The lowest ones, farthest away from the multi-story headquarters, are for youth teams. The “superpitch” on higher ground is for the USMNT and WNT — and designed, intentionally, to inspire teens to work their way up.
All of it, remarkably, has been completed on time and on budget. Batson, like others, is “amazed.”
“Now,” Parlow Cone says, “we have to make it everyone’s home.”
With the May 7 grand opening set, they began opening the NTC’s doors to members of the soccer community. Some guests are blown away by details or the sheer expanse. Others feel something more. The U.S. Power Soccer national team got “super emotional,” Parlow Cone says, upon seeing their new home court for the first time. Beach soccer players kicked off their shoes, ran onto their new home sand, FaceTimed teammates and teared up.
And then there are the alums. The builders. The fellow dreamers. Batson and Parlow Cone gave Gulati and another past president, Alan Rothenberg, a personal tour in February. “On an emotional level,” Gulati says, “it was great.”

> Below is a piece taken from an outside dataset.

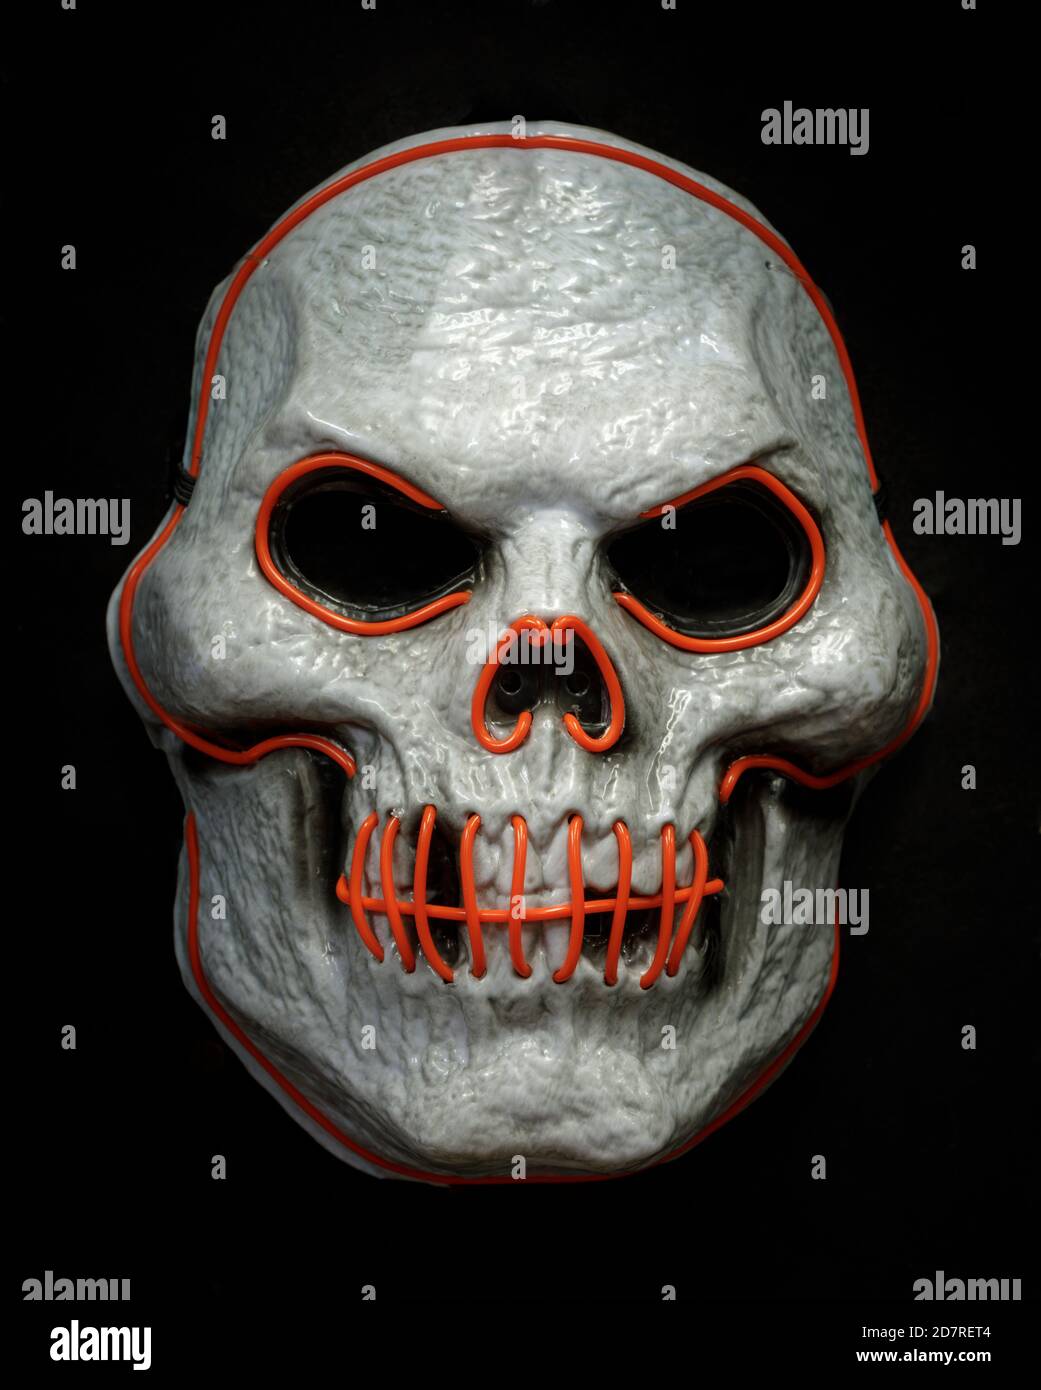 Doom El Wire Light Up Skeleton Face Mask Isolated Against Black Background Stock Photo

A group of former USMNT players also recently visited, and Cobi Jones, the most-capped player in program history, plopped down on a bench at the NTC. “Ah,” he said with an exhale, “I’m home.”
Batson, too, has taken time to reflect. As CEO, he insists that this is just “the start” of “big things.” But as a soccer lifer from nearby Augusta, Ga., his mind also races back in time. He thinks about the fields he graced as a boy, and “the kid in me,” he says — but then his voice gets weak, and he has to pause.
Then he collects himself. “Like, it’s incredible,” he says. “To think about how far the sport has come.” And, of course, “to think about what’s gonna be possible going forward.”